There are two ways to restart the daemon:

  • send the string "restart some-description-as-one-word" to the cmd-pipe (normally /dev/input/ckb1/cmd or /dev/input/ckb2/cmd, depending on what device gets which ID.
  • send SIGUSR1 to the daemon process (as root).

Later on, there may be a user interface in the client for the first method.

Security

By default, all of the ckb* nodes may be accessed by any user. For most single-user systems this should not present any security issues, since only one person will have access to the computer anyway. However, if you'd like to restrict the users that can write to the cmd nodes or read from the notify nodes, you can specify the --gid=<group> option at start up. For instance, on most systems you could run ckb-daemon --gid=1000 to make them accessible only by the system's primary user. ckb-daemon must still be run as root, regardless of which gid you specify. The gid option may be set only at startup and cannot be changed while the daemon is running.

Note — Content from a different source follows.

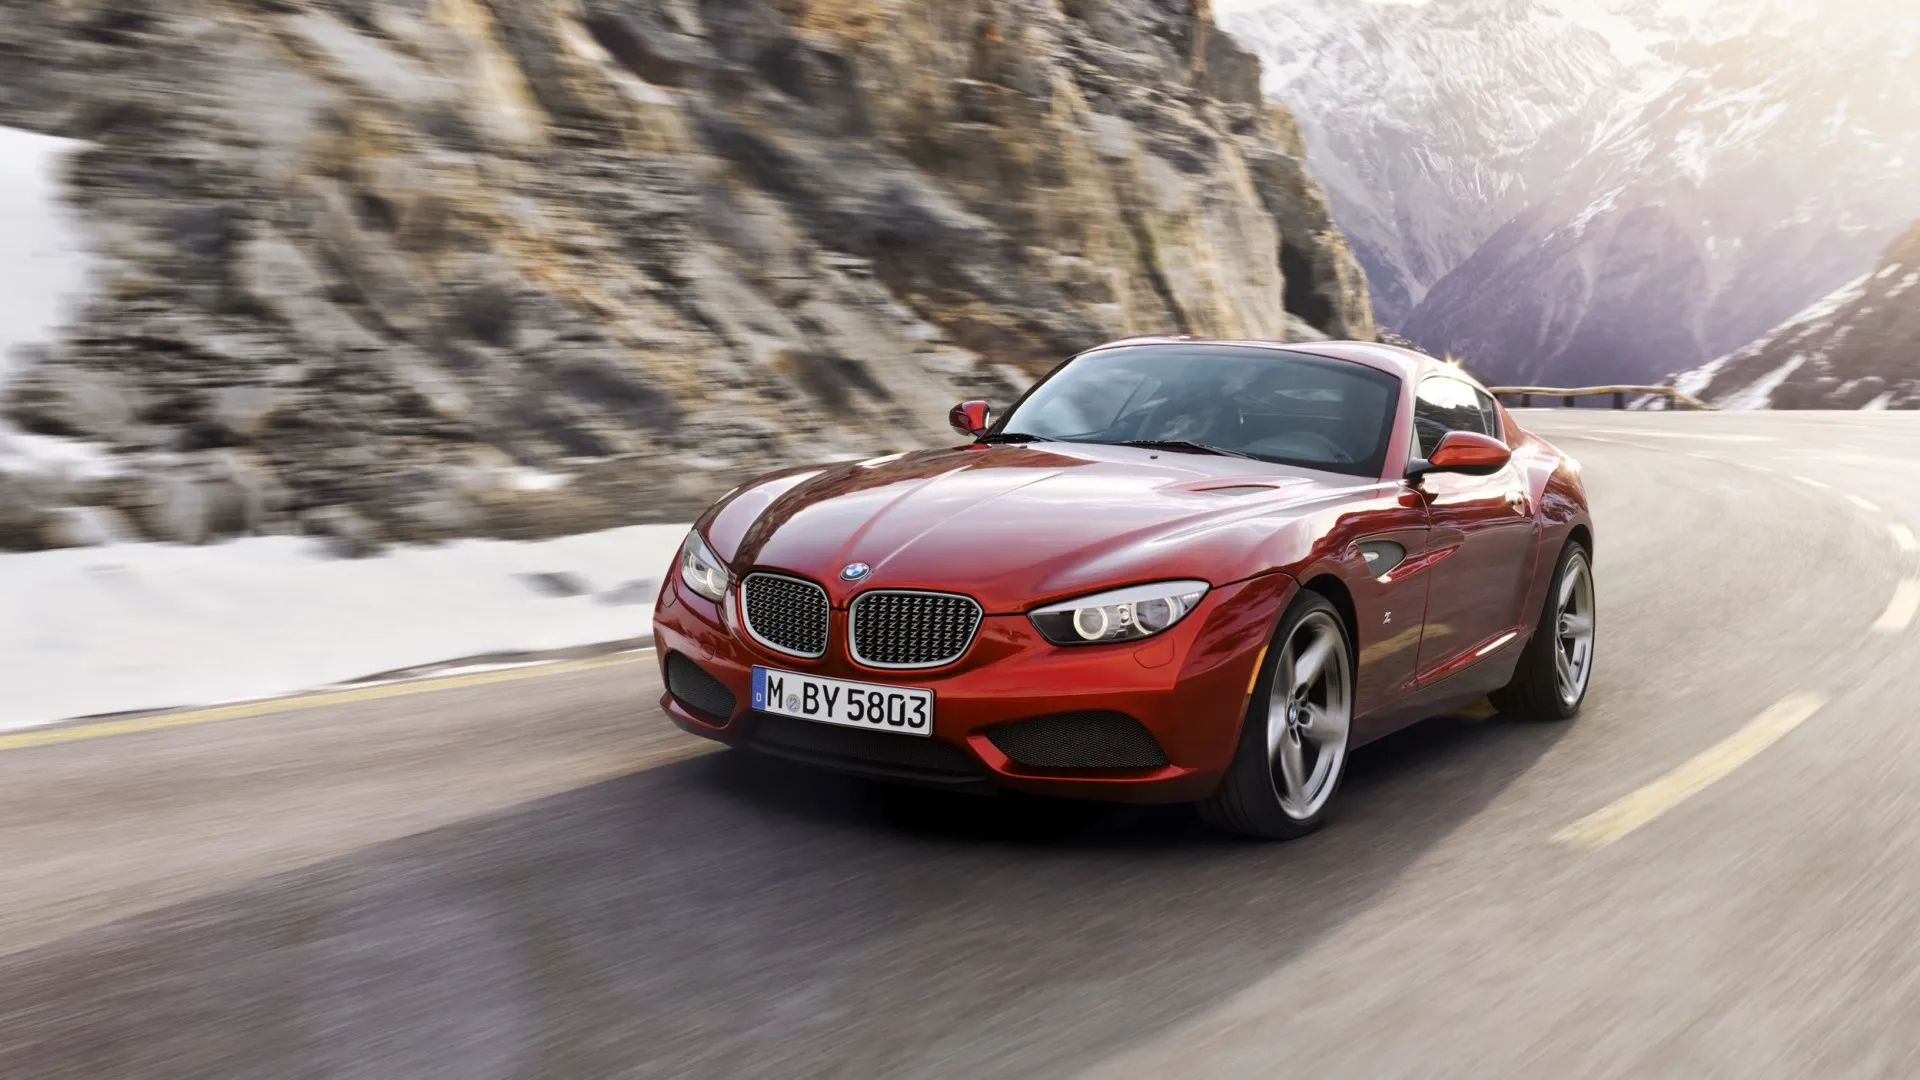 Coche del día: BMW Zagato Coupé 2012
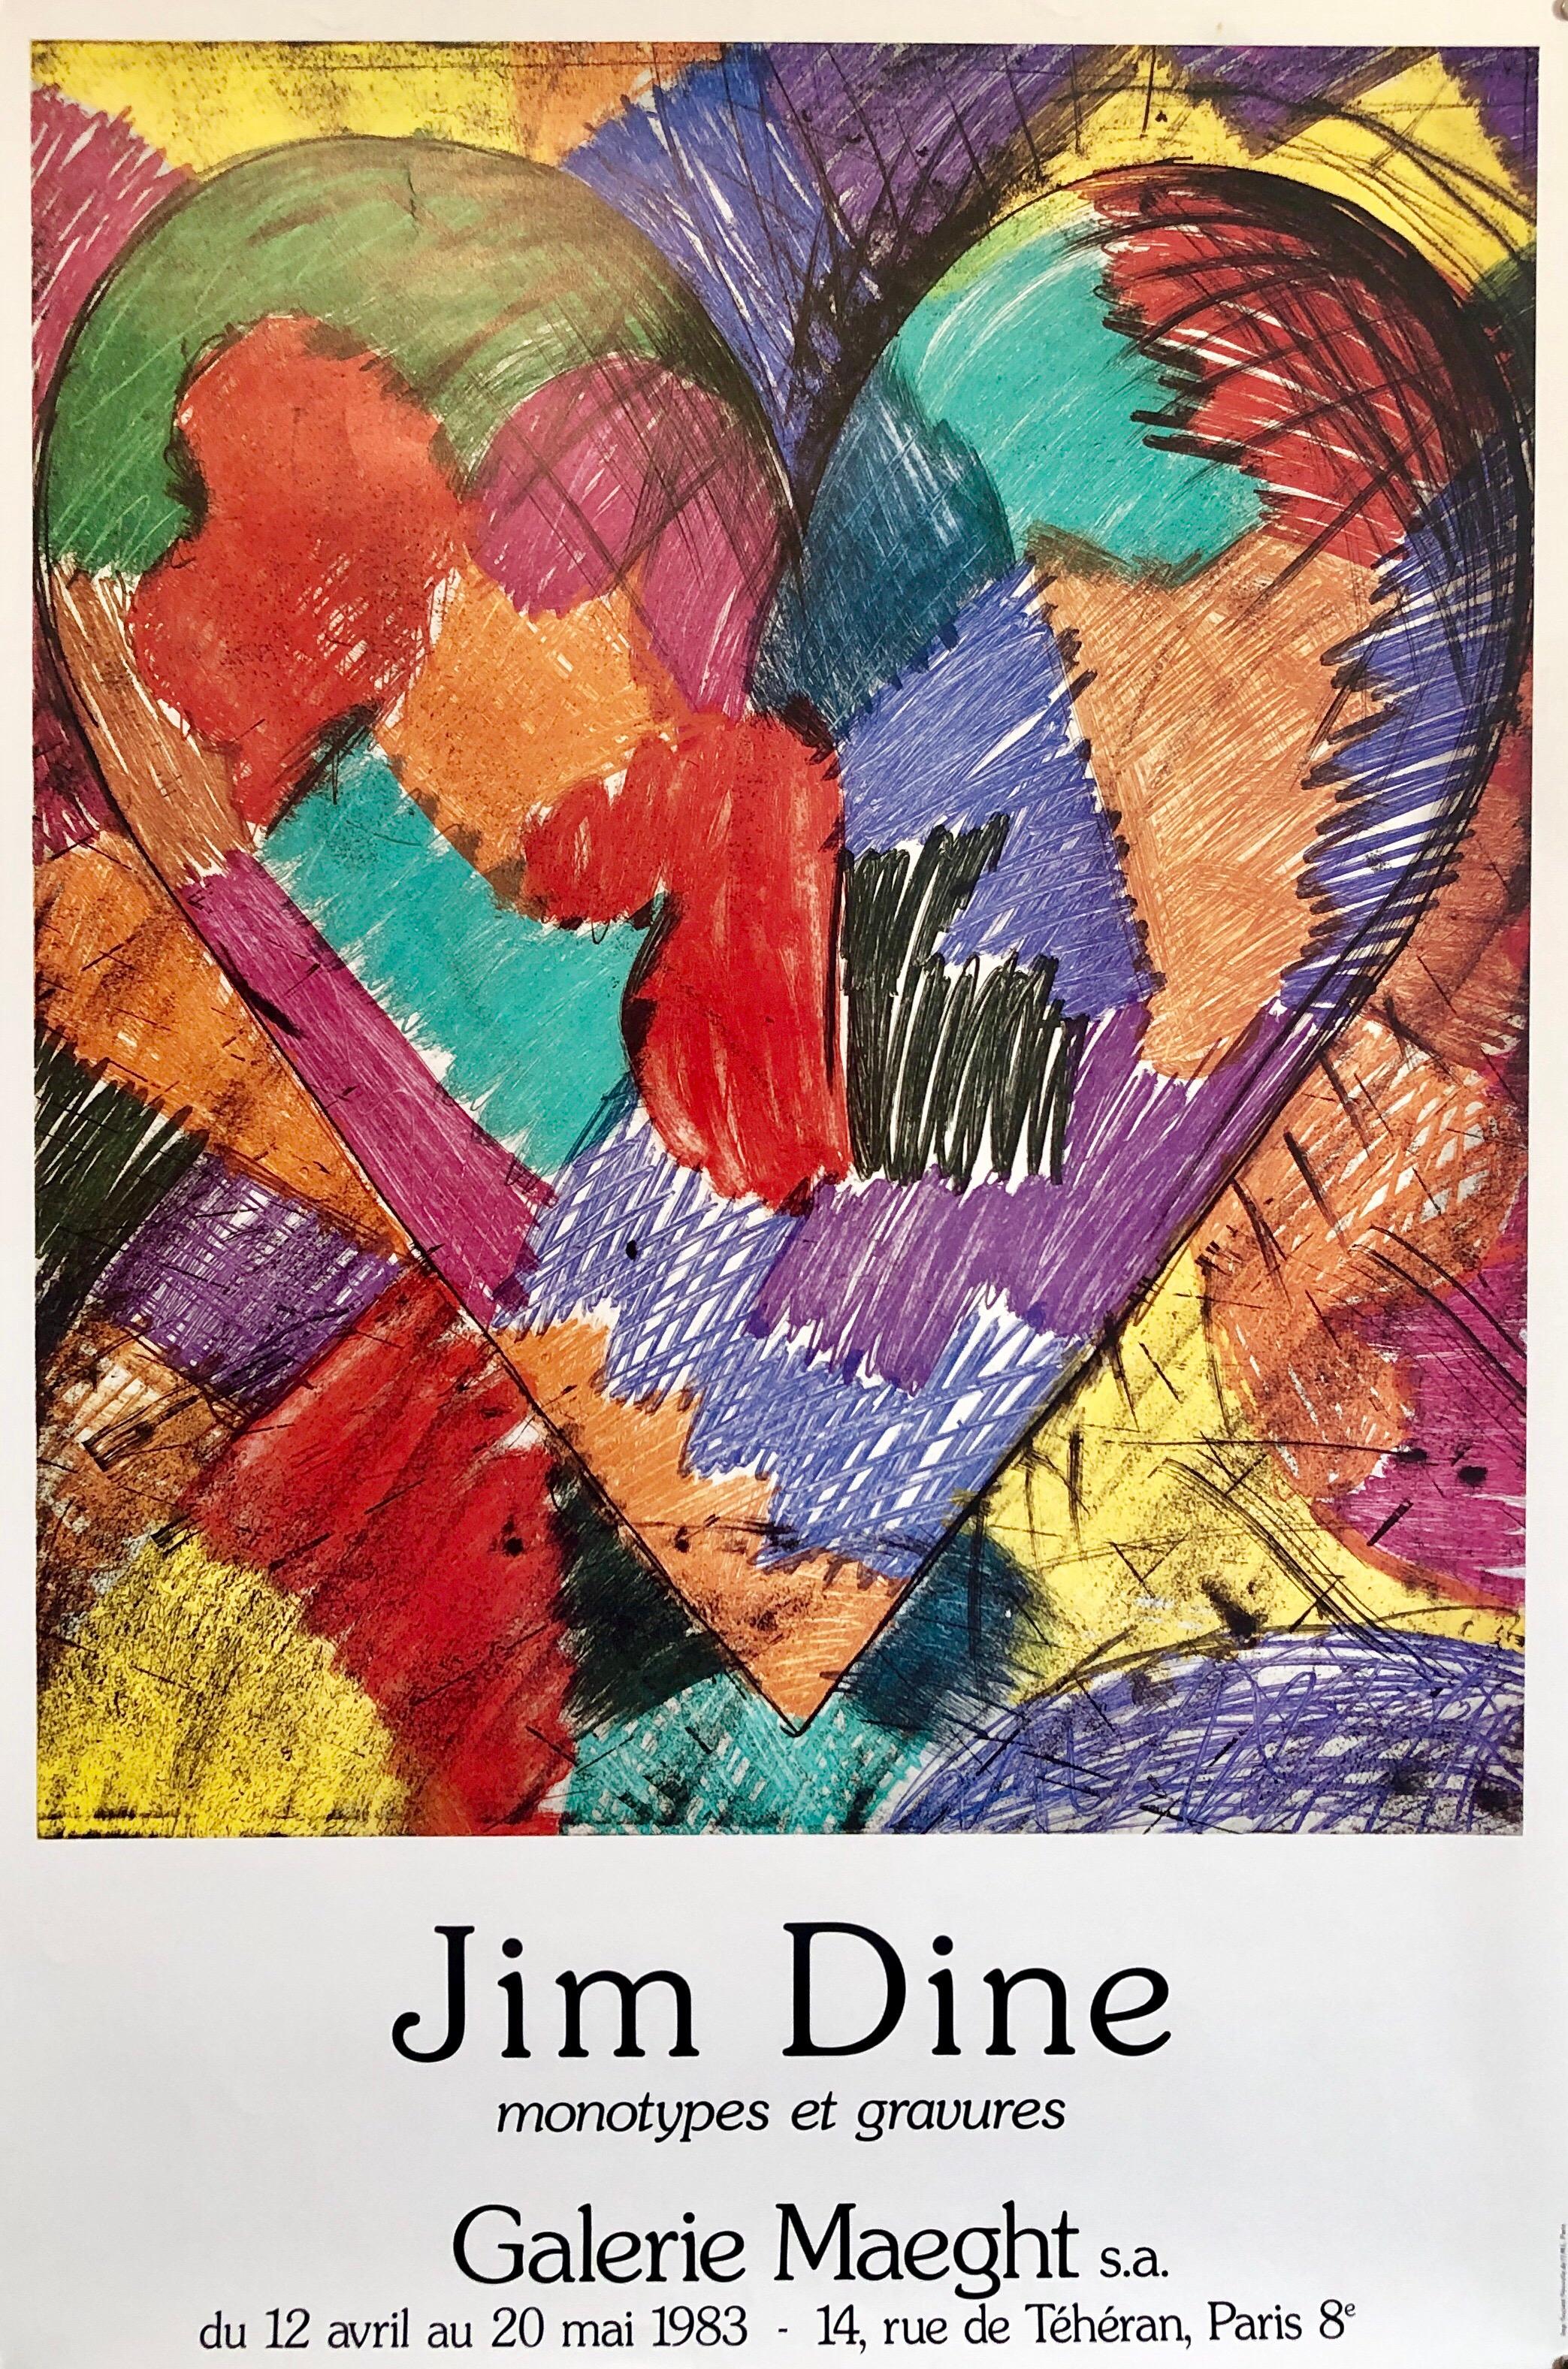  Rainbow Quilt Heart Pop Art Vintage Offset Lithograph Poster Jim Dine, Maeght

The daemon additionally supports a --nonotify option to disable key notifications, to prevent unauthorized programs from logging key input. Note that this will interfere with some of ckb's abilities. It is also highly unlikely to increase security unless you are using the program in a stripped down terminal environment without Xorg. For most use cases there are many other (more likely) ways that a keylogger program could compromise your system. Nevertheless, the option is provided for the sake of paranoia. If you'd like to disable key rebinding as well, launch the daemon with --nobind. --nobind implies --nonotify, so notifications will also be disabled. As with --gid, these options must be set at startup and cannot be changed while the daemon is running.